Abstract

Centrally acting prolactin has been shown to have anti-stress effects by modulating the activity of the hypothalamic-pituitary-adrenal axis. We tested the hypothesis that prolactin directly targets hypothalamic corticotropin-releasing hormone (CRH) neurons. In situ hybridisation confirmed expression of mRNA encoding the long, but not the short, isoform of the prolactin receptor (PRLR) within the paraventricular nucleus (PVN) of the virgin rat; however, only 6% of CRH neurons expressed long-form Prlr mRNA. Examination of the functional response of CRH neurons to intracerebroventricular prolactin (500ng) showed that these neurons did not respond with activation of phosphorylated signal transducer and activator of transcription 5 (pSTAT5), a marker of long-form PRLR activation.
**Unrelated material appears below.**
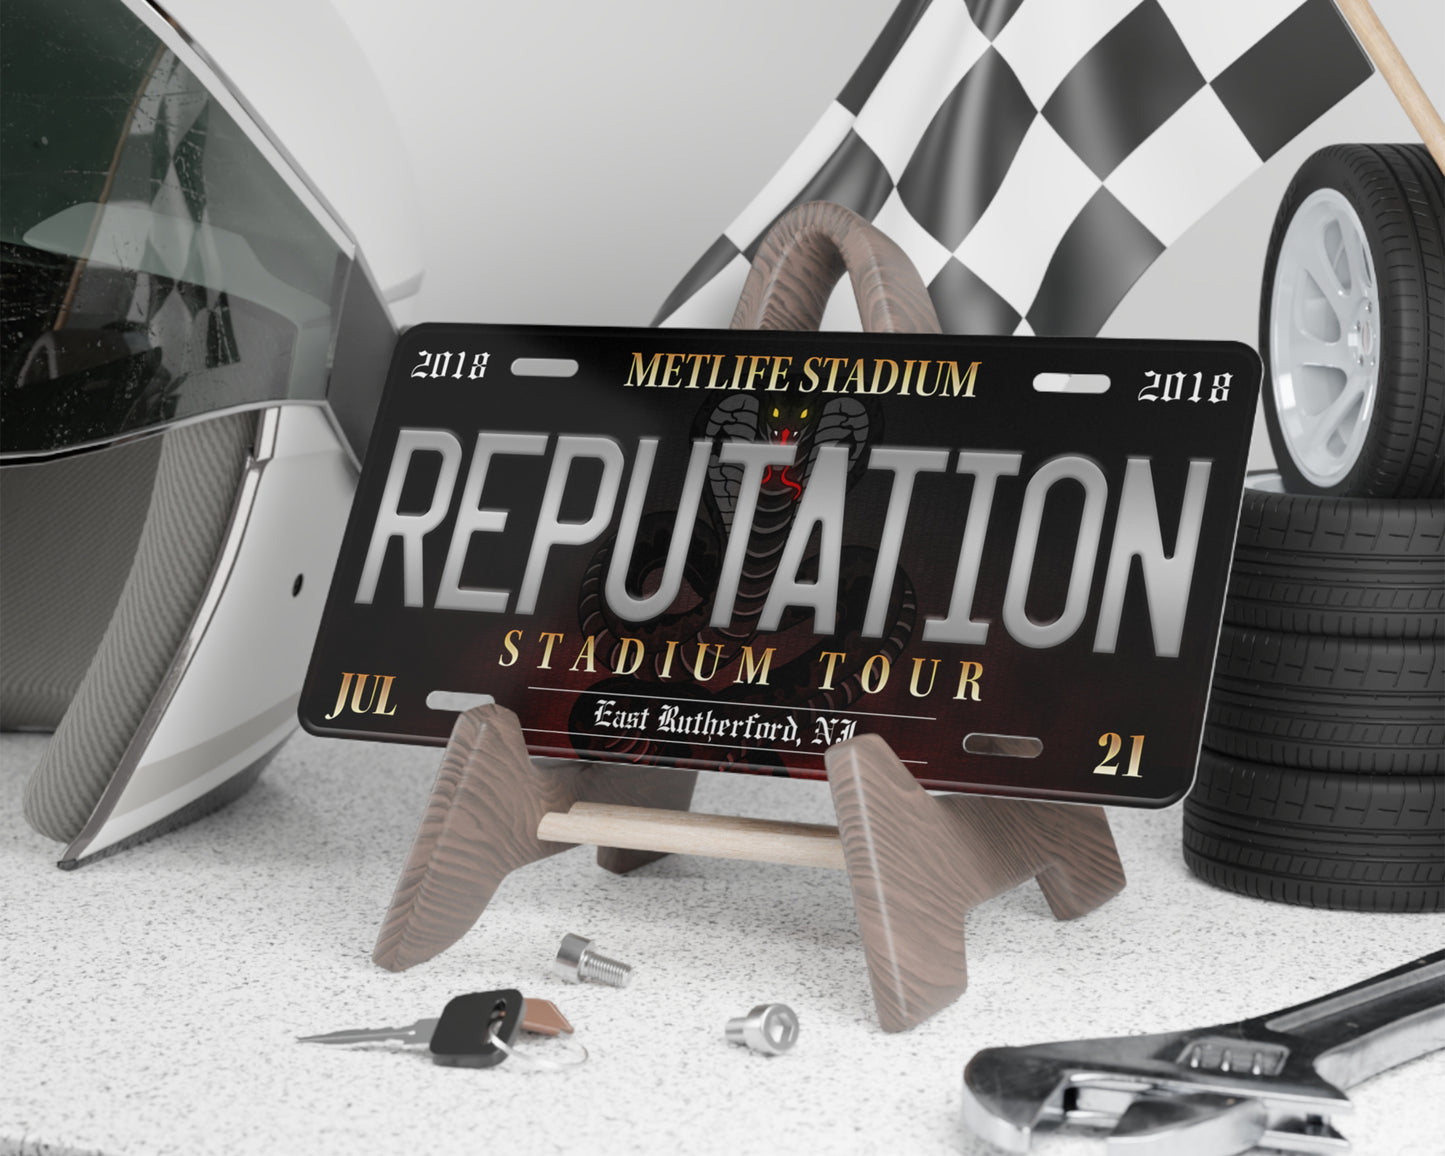 Reputation Stadium Tour license plate

However, as only a subset of neurons expressing Crh mRNA could be detected using immunohistochemistry, we utilised a transgenic mouse model to label CRH neurons with a fluorescent reporter (CRH-Cre-tdTomato). In lactating animals, chronically elevated prolactin levels resulted in significantly increased pSTAT5 expression in the PVN. Overall, few tdTomato-labelled CRH neurons were double-labelled, although a small subset of CRH neurons in the caudal PVN were pSTAT5 positive (approximately 10% of tdTomato neurons at this level, compared to 1% in the rostral PVN). These data suggest that most CRH neurons do not respond directly to prolactin. To confirm that prolactin was not activating another signalling pathway, we used a transgenic mouse line to label PRLR-expressing neurons with Cre-dependent green fluorescent protein (GFP) expression (CRH-Cre-Prlr lox/lox ). No GFP-expressing cells were evident in the PVN, indicating that in the mouse, as in the rat, the CRH neurons do not express either PRLR isoform. Together these data showed that the anti-stress effects of prolactin are not the result of prolactin directly regulating CRH neurons.